Additional content: Time to Take Profits on Beyond Meat ( BYND Quick Quote BYND - Free Report) Shares?
On April 2, I recommended you
grab Beyond Meat shares, mainly based on positive feelings about a China launch. The shares have appreciated over 60% since my call, so it’s time to revisit the story.
Beyond Meat has since said that it will leverage Starbucks’ 3,300-odd stores across China as that market continues to see surging demand for faux meat, driven by a meat shortage, an existing taste for the thing and growing concerns about the environment (among a few). And since China is beginning to open restaurants, the timing couldn’t have been better. In fact, that’s probably why Yum! Brands’ KFC will also be launching Beyond products in China this week.
Beyond Meat is expected to report results next week. The company has most of its revenue coming from the U.S. and Europe, which have been particularly impacted by the pandemic. Moreover, a sizeable chunk (51%) of its business comes from its Restaurant and Food Service partnerships because those have picked up of late. And again, this is the segment that has been hard-hit by the pandemic.
So while its China business is just about taking off, there won’t be any impact on the March quarter. On the other hand, the weakness in its existing markets will tell on its first-quarter results.
Beyond Meat will have stock on its hands and we don’t know how well it will be able to store this. We also don’t know how much it will be able to redirect to the Retail segment, which should have picked up as more people cook at home in response to the pandemic. Also, given the nature of the product, there won’t be something like pent up demand, so whatever it stores will need storing for some time. Being able to transport extra production to China could be a good thing, but we don’t know if that was done, or even possible.
We also need more information about how its factories are functioning during the lockdown, whether it is resizing its staff and any other measures it may be taking to deal with the crisis.
The company could also see rising costs related to its China expansion, which while being necessary and positive on its own, could make an otherwise weak quarter appear even worse than it really is.
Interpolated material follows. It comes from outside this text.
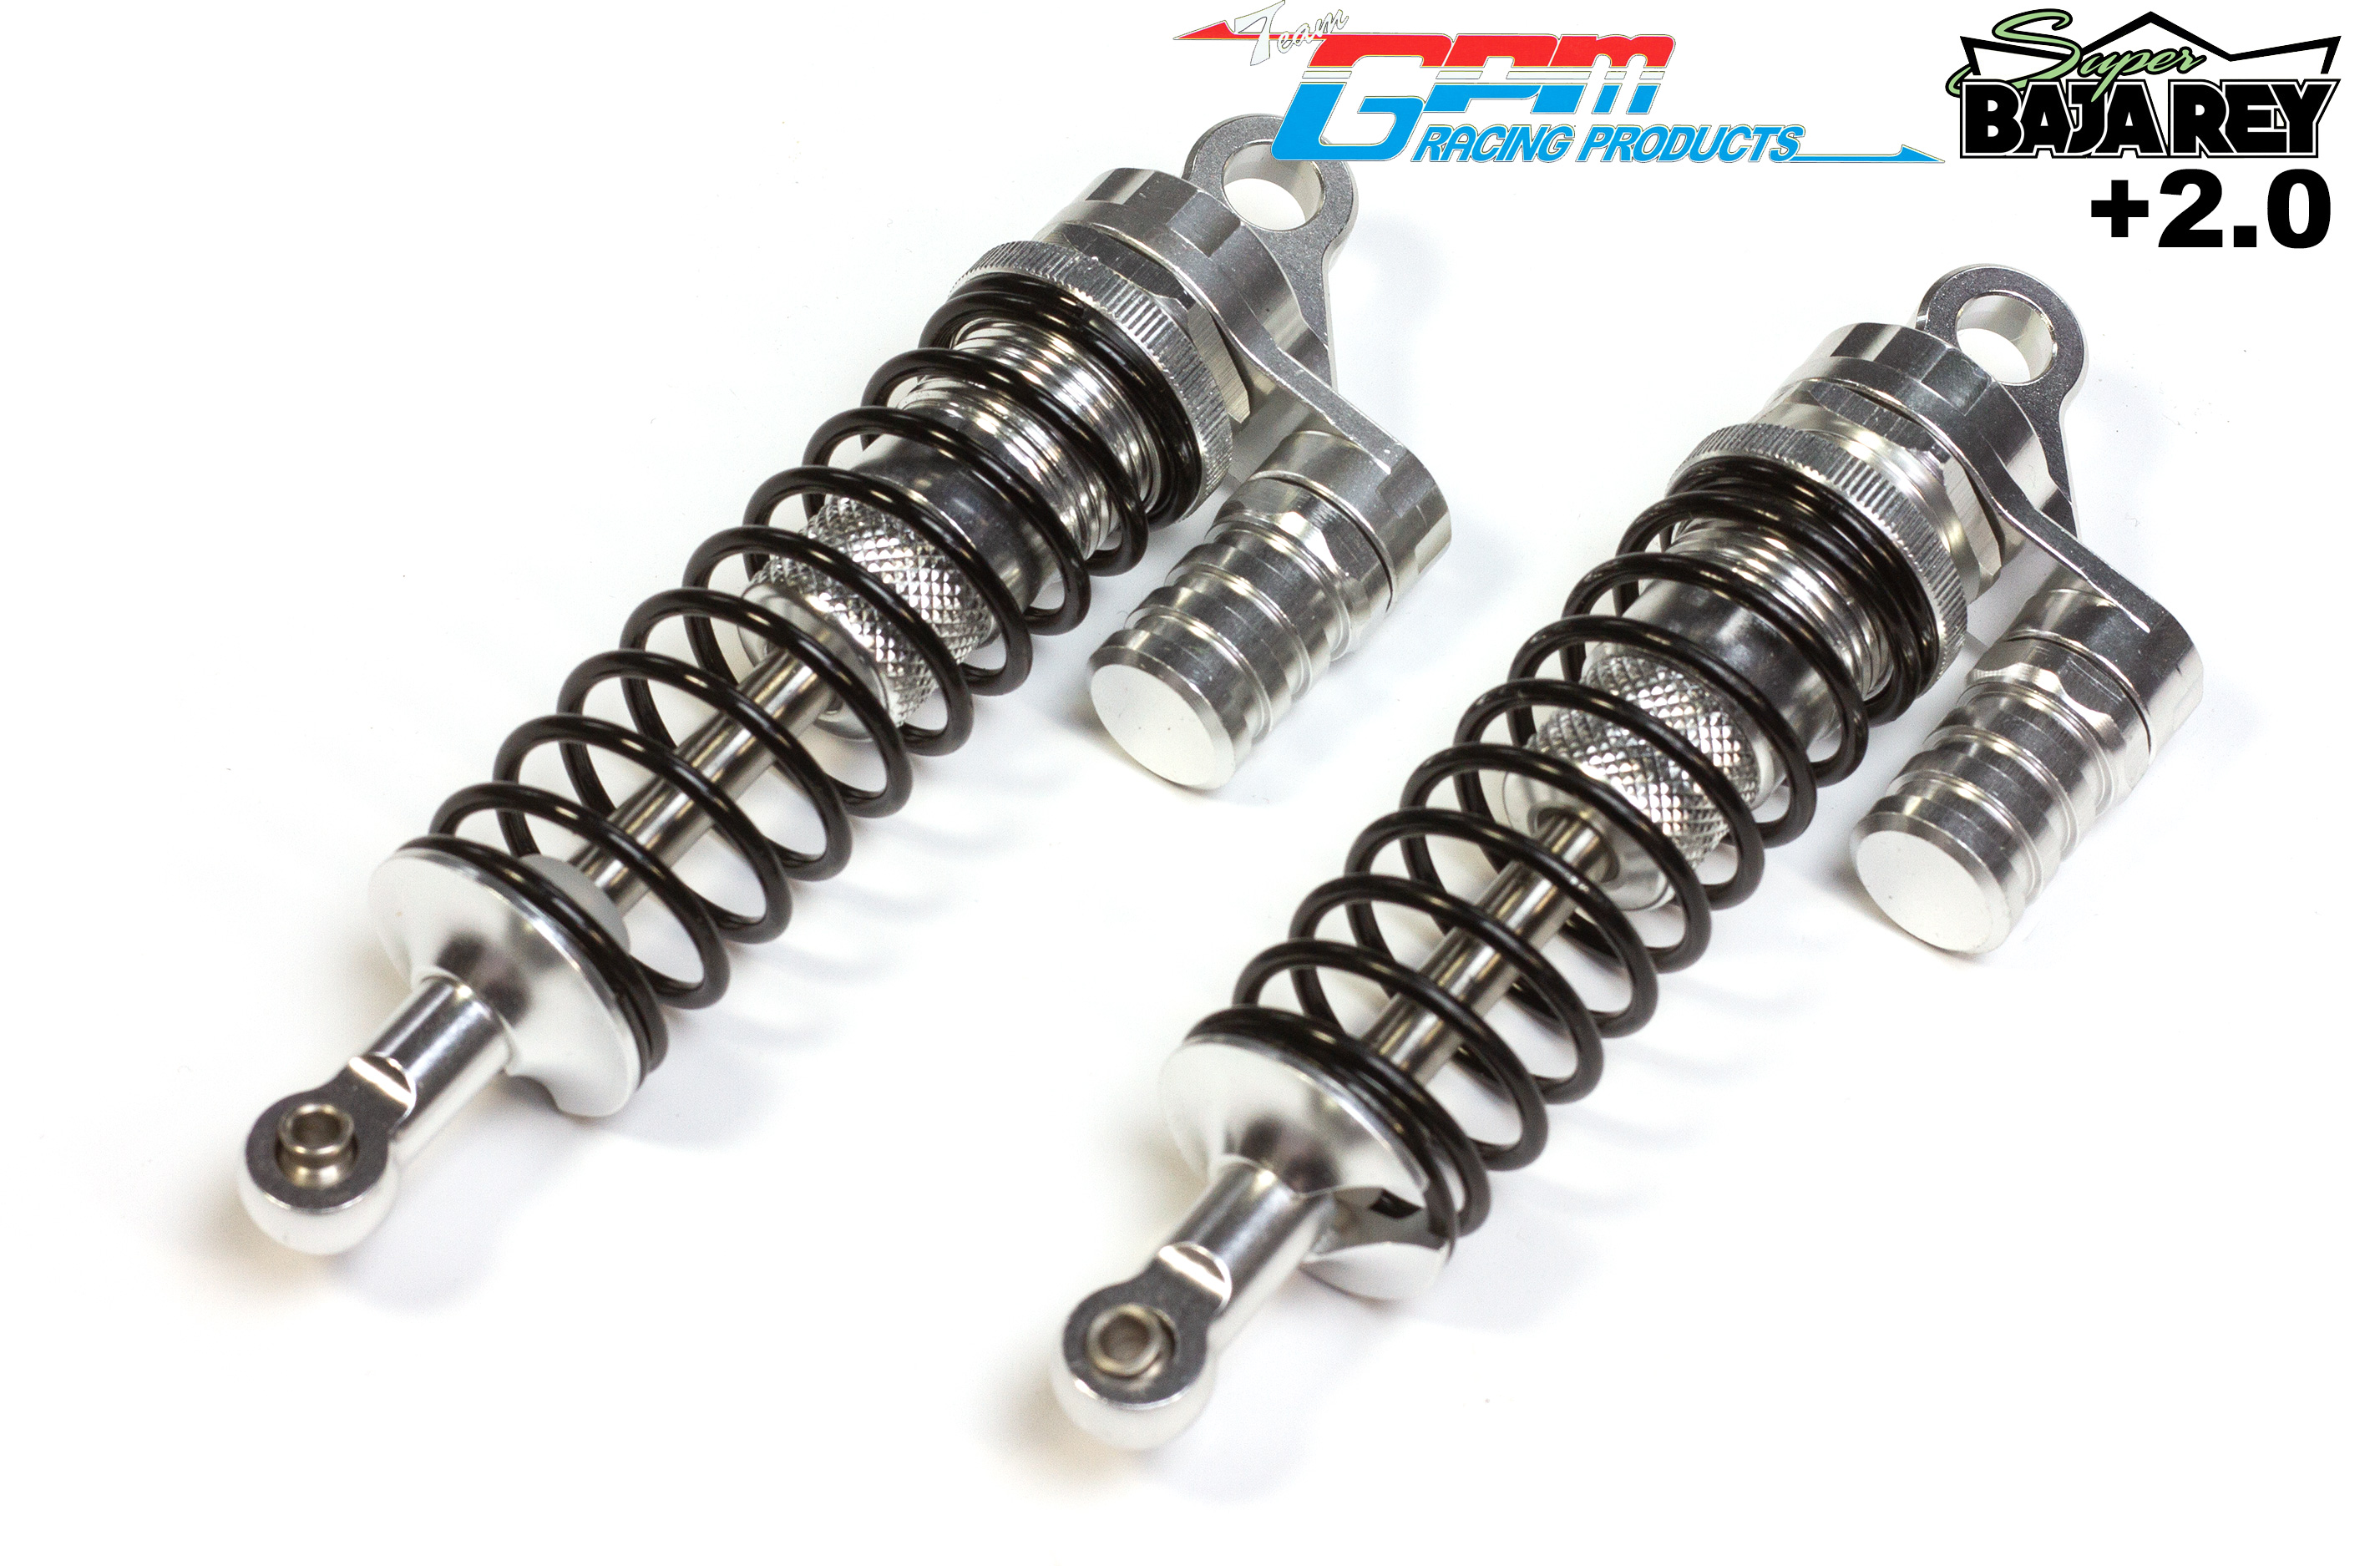 SB132F/L GPM Front Piggyback Shock absorbers for Super Baja Rey (incl. 2.0)

So yes, while they haven’t reached their 52-week high yet, and it’s really impossible to say how the market will react for sure, I think the shares are set for some battering in the not-too-distant future. The KFC launch in China likely won’t be enough to keep the shares up.
Since I continue to believe in the longer term potential of these shares, it seems like a good idea to offload some, take some gains, while hanging on to a portion for the longer term.